Гемовое железо лучше усваивается организмом, чем негемовое железо. Определенные факторы могут улучшить или замедлить абсорбцию негемового железа.Витамин С и гемовое железо, принимаемые за один прием пищи, могут улучшить усвоение негемового железа. Клетчатка отрубей, большое количество кальция, особенно из добавок, и растительные вещества, такие как фитаты и дубильные вещества, могут препятствовать усвоению негемового железа. [3]
Источники гемового железа:- Устрицы, моллюски, мидии
- Печень говяжья или куриная
- Мясные субпродукты
- Консервы сардины
- Говядина
- Домашняя птица
- Консервы из светлого тунца
- Обогащенные хлопья для завтрака
- Фасоль
- Темный шоколад (не менее 45%)
- Чечевица
- Шпинат
- Картофель в кожуре
- Орехи, семена
- Обогащенный рис или хлеб
Есть несколько типов железа, доступных без рецепта, например.г., сульфат железа, фумарат железа, глюконат железа. Путаница также вызывается двумя цифрами, указанными на этикетке: большим и меньшим. В чем разница между формами добавок и к какому номеру следует обратиться, чтобы выбрать правильную сумму?
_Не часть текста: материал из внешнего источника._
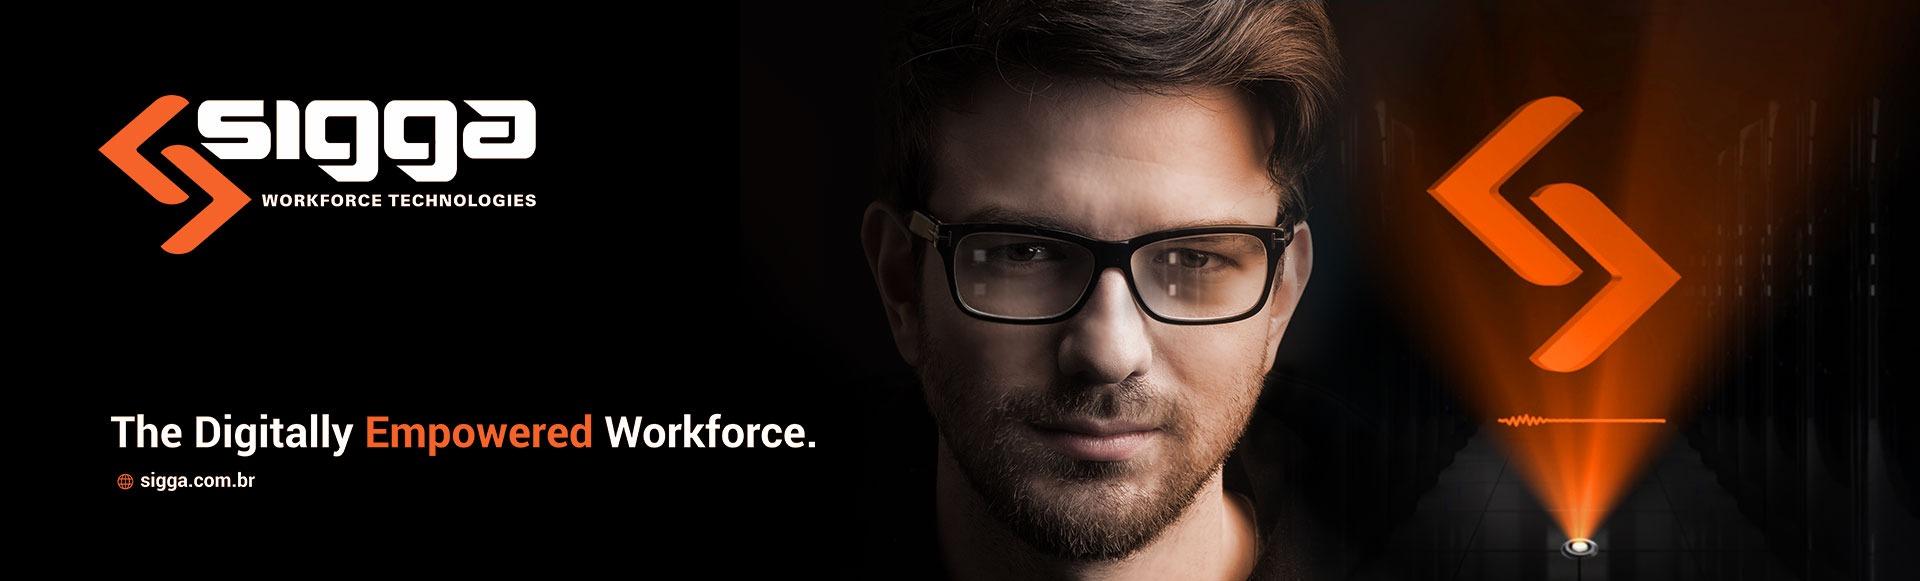 Sigga - Workforce Technologies

Элементарная и химическая форма железа. Если на этикетке указаны два количества железа, большее число относится к форме химического соединения, поскольку железо связано с солями (например, сульфатом железа), тогда как меньшее число относится только к количеству железа в соединении, которое также называется элементарное железо.Элементарное железо является более важным числом, потому что это количество, доступное для усвоения организмом. Однако врач может не указывать в рецепте, является ли количество железа химической формой или элементарным железом. Например, добавка сульфата двухвалентного железа может указывать в общей сложности 325 мг сульфата двухвалентного железа на лицевой стороне этикетки и 65 мг элементарного железа меньшим шрифтом на обратной стороне. Если бы врач прописал 65 мг железа, вы бы приняли пять таблеток, равных 325 мг, или только одну таблетку, если в рецепте говорится о элементарном железе?
Разные типы. Все виды дополнительного железа помогают увеличить производство красных кровяных телец, но различаются по стоимости и количеству элементарного железа. Глюконат железа обычно продается в жидкой форме, и некоторые клинические исследования показали, что он лучше усваивается, чем таблетки сульфата железа. Однако глюконат двухвалентного железа содержит меньше элементарного железа, чем сульфат двухвалентного железа, поэтому для устранения дефицита может потребоваться более высокая дозировка. К тому же он дороже сульфата железа. Были введены новые формы железа с медленным высвобождением, которые могут помочь уменьшить побочные эффекты со стороны желудочно-кишечного тракта, но они более дороги и обычно содержат меньше железа.
Любая путаница с типами и количествами добавок железа может быть решена, если попросить вашего врача указать как элементарное количество, так и количество химического соединения. Вы также можете обратиться к фармацевту в магазине за помощью в толковании рецепта врача или порекомендовать соответствующую сумму, если у вас нет рецепта.
Признаки недостаточности и токсичности ДефицитДефицит железа чаще всего наблюдается у детей, женщин во время менструации или беременных, а также у тех, кто придерживается диеты с низким содержанием железа.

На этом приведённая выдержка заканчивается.